Tapping Pileated Woodpecker

     Eventually a Pileated woodpecker is revealed. It is a large, colourful bird with a very distinctive flight pattern that I recognise as it dips and dives toward a new tree. They are often very skittish. I wander on and enjoy the morning. It is so peaceful and quiet except for my crunching shoes in the snow. I will never sneak up on a moose with this racket. Even a bison hears me and takes off .
Watchful Wood Bison

     I enjoy many of the plants that are frosted heavily and eventually wander onto a ridge overlooking a small lake. It is dotted with muskrat push-ups and still has a narrow strip of open water. I watch in the distance as a pair of bald eagles fly beyond the horizon. I enjoy sitting here on the edge of a well used buffalo wallow overlooking the scenery absorbing the peacefulness of the world in this quiet spot. It is hard to imagine that 20 miles away is a big city with over a million people struggling for survival.

Frosty Lake Shore
     Here is a different kind of survival, a more basic type of life and death survival of the fittest and the aware. Even though I am in Elk Island National Park, the wildlife don't know what that means.They rely upon their natural wits to survive and I am a potential predator to them. I am not natural to their world. They may be familiar with my shape but I am not a natural addition to their forest habitat. I am noisy, I am clumsy, I stink and I look and act oddly. I point my large eye at them which makes them nervous. They all pay particular attention and monitor my where-a bouts and actions. All I can do is walk slowly and try not to appear too predatorial. They know I am here.
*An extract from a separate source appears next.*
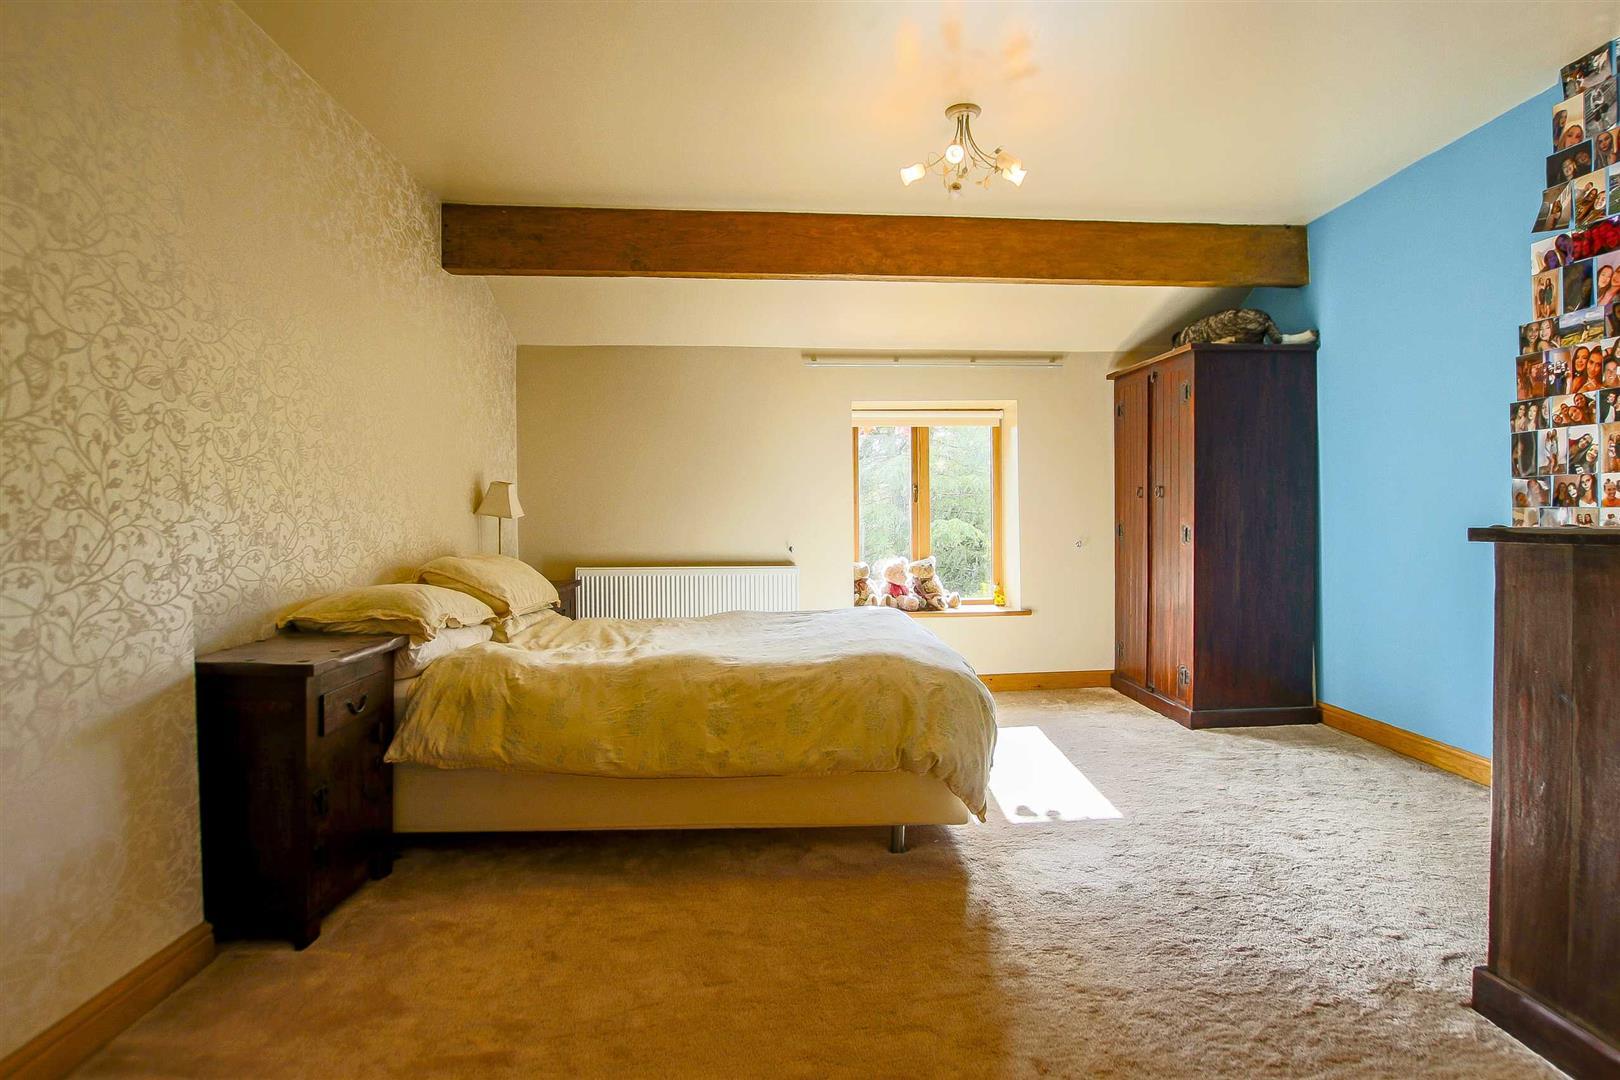 5 Bedroom Cottage For Sale - Image 22

     I leave the viewpoint heading back into the forest. It is a very mature aspen forest that is heavily browsed by moose,deer,elk and bison. There is very little chance for new aspen to grow beyond the reach of the tall browsers. Most of the underbrush consists of raspberry canes, rose bushes and cropped off aspen. Plenty of sunlight penetrates the thinning aspen as they mature and get blown over. They are tall for this region; probably 70 feet or so. Most aspen around here is the Parkland type that grows very short and stunted. There are plenty of rotten snags and blow-down which I climb over. They provide nice resting spots for tired legs and aching back also.
Watchful Cow Moose

     As I walk I pause and watch often. I see a cow moose in the distance, just her head poking through the trees watching me.

Rutting Bull
A little further there is a bull watching but he is distracted by something else. It is a cow that must be in oestrus. I watch him as he is not letting her get too far away. She must not have caught during her first heat and is now coming on again.
Browsing Bull

     I see a pair of antlers and a moose lying on the edge of a small marsh. He is watching me carefully as I approach. I am sure he is the same moose that I saw and photographed a week or so ago. He is very tolerant but I take my time getting to a blown down tree upon which I sit. He has a hole through his right antler which I recognise. He gets up and begins his noon time lunch. For half an hour he browses upon tender aspen shoots and then he casually lays down and begins to chew his cud. I am only a few feet away but he is unconcerned. I snap a few more pictures and then take my leave with thanks. I am honoured to have this opportunity once again. I am humbled by his acceptance of me in this wilderness setting. Thank you.